Although my dismount wasn't exactly planned. I did somehow get a foot down before I fell down. 







> edit: Got confused.
> 
> Its more to do with the shape of the nut than anything else I think, if you are unlucky you default QR wont fit so you have to use the one supplied, sometimes you can use whatever skewer is on your bike, or so I believe.
> 
> So If it will grab the nut it should be fine. So assuming the nut is wide enough and fits into the clamp it should be good to go.



The problem I had getting the fixie on the turbo was you couldn't wind the clamps in far enough to hold a narrow track frame. I had to buy a set of track nuts that looked like BMX stunt pegs. Effectively making the rear of the bike wider.


----------



## AlanW (5 Jul 2010)

RedBike said:


> The problem I had getting the fixie on the turbo was you couldn't wind the clamps in far enough to hold a narrow track frame. I had to buy a set of track nuts that looked like BMX stunt pegs. Effectively making the rear of the bike wider.



Where did you get them from?

This is my problem, I cannot wind the clamps in far enough to clamp the rear wheel.


----------



## Rob3rt (5 Jul 2010)

RedBike said:


> Lol.
> I've just started gently riding on my rollers again to try and build some strength back up in a fractured ankle.
> 
> The other day I set the rollers up in the garden as it was so nice out. I positioned the rollers in the middle of an open gateway so that I had a wall either side to grab when needed.
> ...



Hah!

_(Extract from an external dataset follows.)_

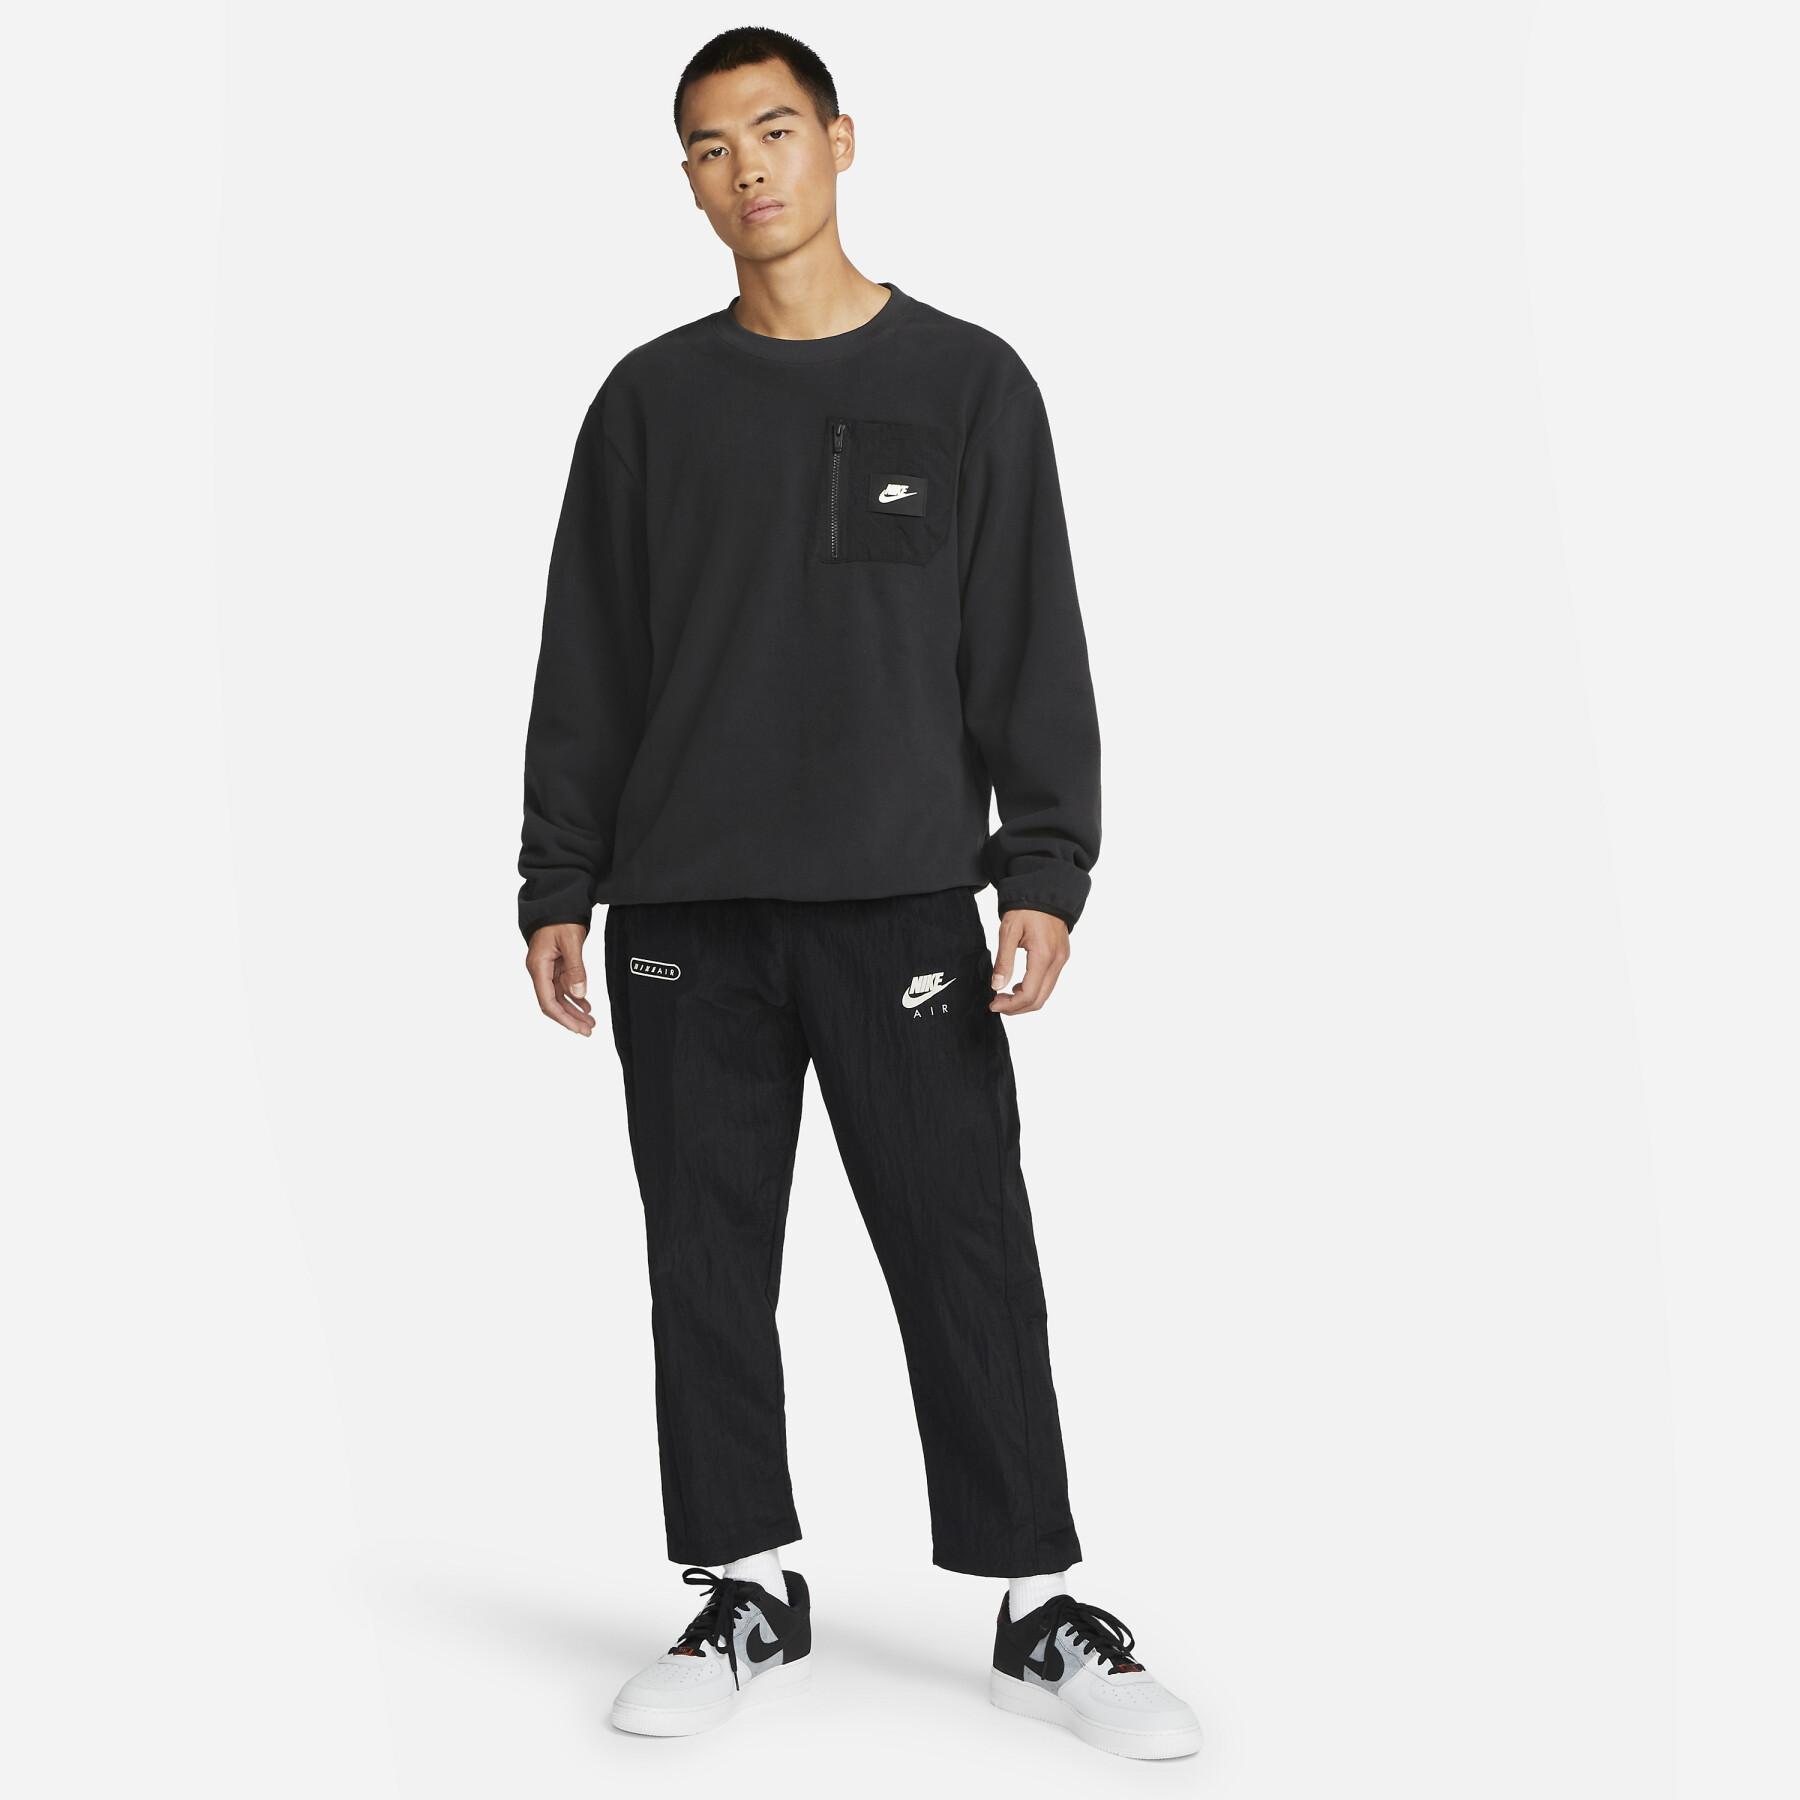 Sweatshirt Nike Polar Fleece

Yeah thats my problem, the turbo I tried before in Evans wouldnt wind in far enough, hence the root of my thread, asking if there were any turbo's that would wind in enough. Looks like I'll have to look into these Tacx track nuts and a Tacx turbo, unless the nuts will work with CycleOps, which appear to be nice trainers with good reviews.


----------



## djb1971 (5 Jul 2010)

look here on my blog:

http://born2bike.wordpress.com/2010/01/06/track-frame-fits-tacx-sirius/

I did it with my Langster over winter and my Flyer also fits with the tacx axle nuts.


----------



## RedBike (5 Jul 2010)

Rob3rt said:


> Hah! Yeah thats my problem, the turbo I tried before in Evans wouldnt wind in far enough, hence the root of my thread, asking if there were any turbo's that would wind in enough. Looks like I'll have to look into these Tacx track nuts and a Tacx turbo, unless the nuts will work with CycleOps, which appear to be nice trainers with good reviews.



For a while I got away with screwing two nuts onto each side of the axle, although the outside nut was always only just on and not really that secure. Eventually I ended up ordering the Tacx track nuts.

See fjb1971's blog! ^^^^^^^^^^^


You will need to double check the ends of the clamps on the cycleOps trainers but I can't see any reason why the Tacx nuts wouldn't work with them.


----------